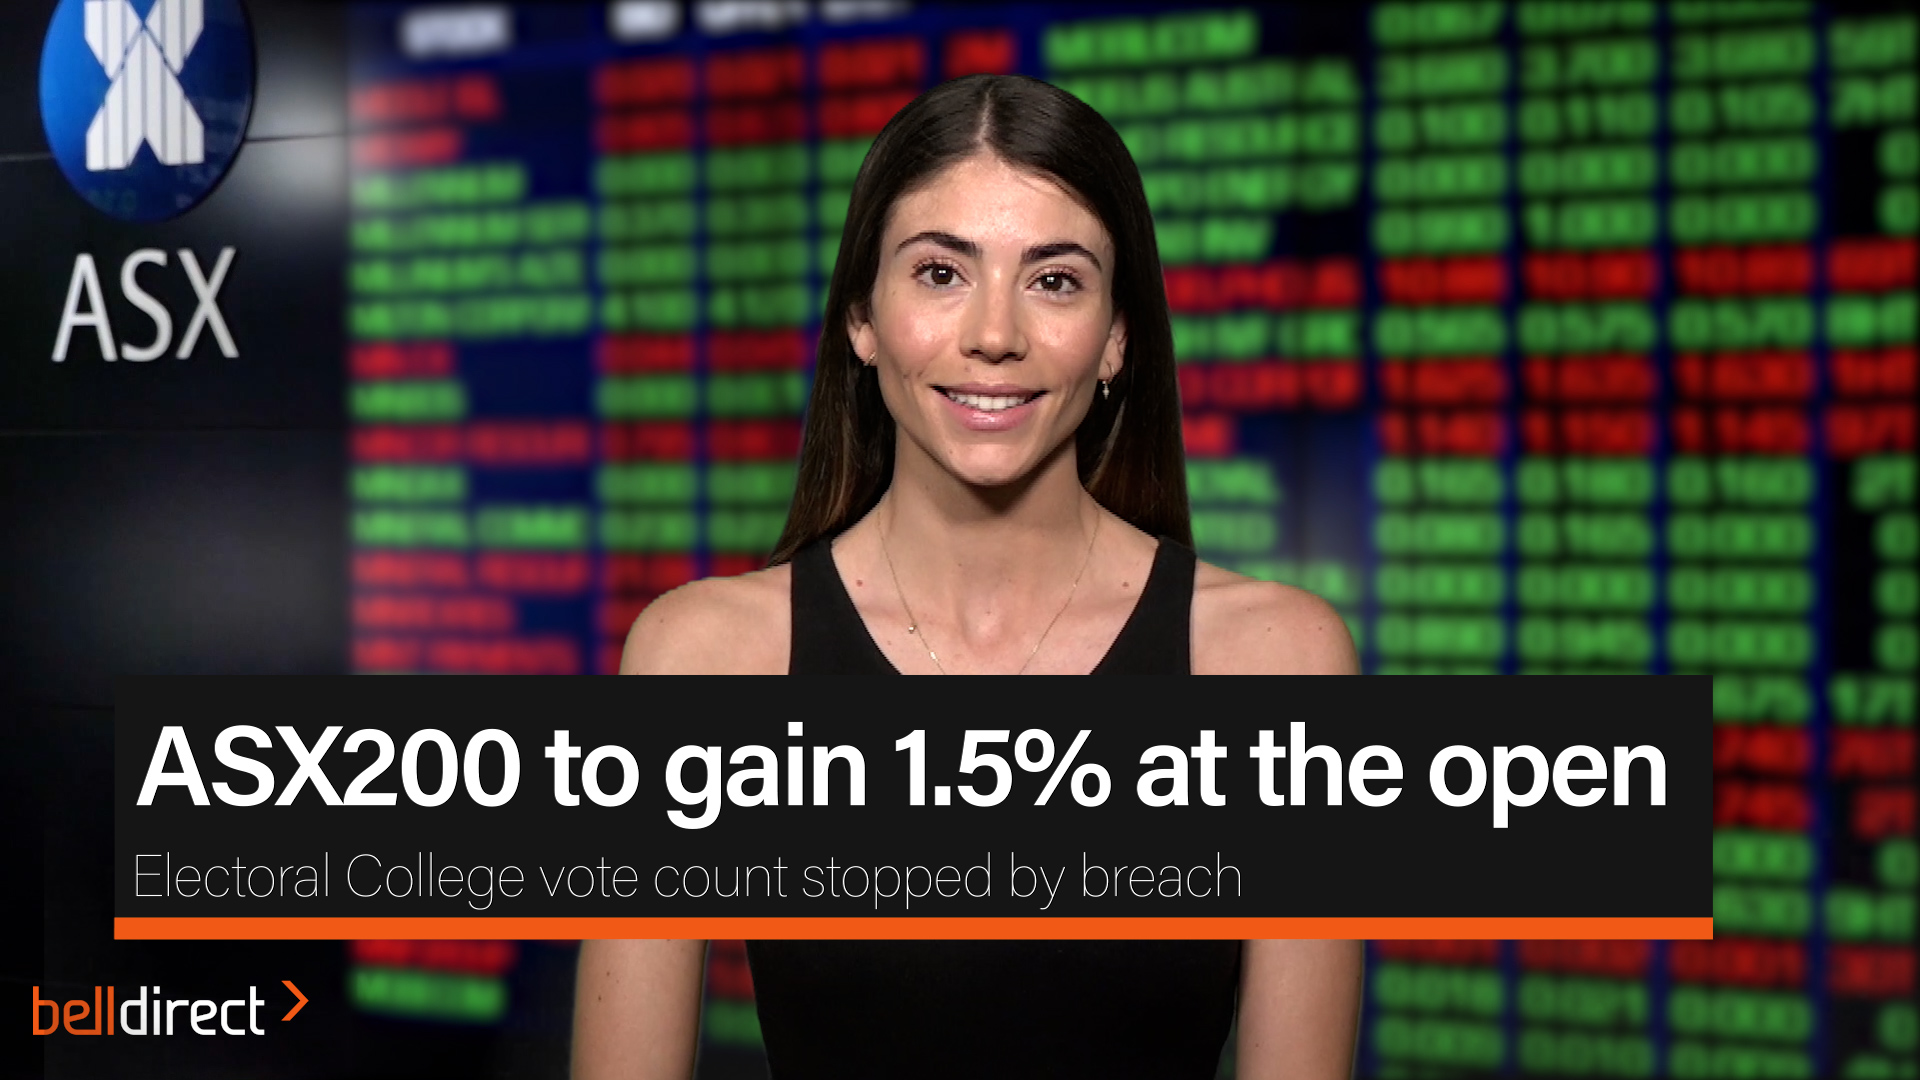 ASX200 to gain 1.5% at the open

* * * *

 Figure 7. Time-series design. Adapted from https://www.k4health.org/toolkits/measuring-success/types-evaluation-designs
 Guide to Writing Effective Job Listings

* * * *

**Exercise goal**
From the material above, retype precisely the lines between the line holding "Figure 7. Time-series" and the line holding "Guide to Writing Effective Job Listings", inclusive, and nothing beyond them.

**Response for this exercise**
 Figure 7. Time-series design. Adapted from https://www.k4health.org/toolkits/measuring-success/types-evaluation-designs
 Guide to Writing Effective Job Listings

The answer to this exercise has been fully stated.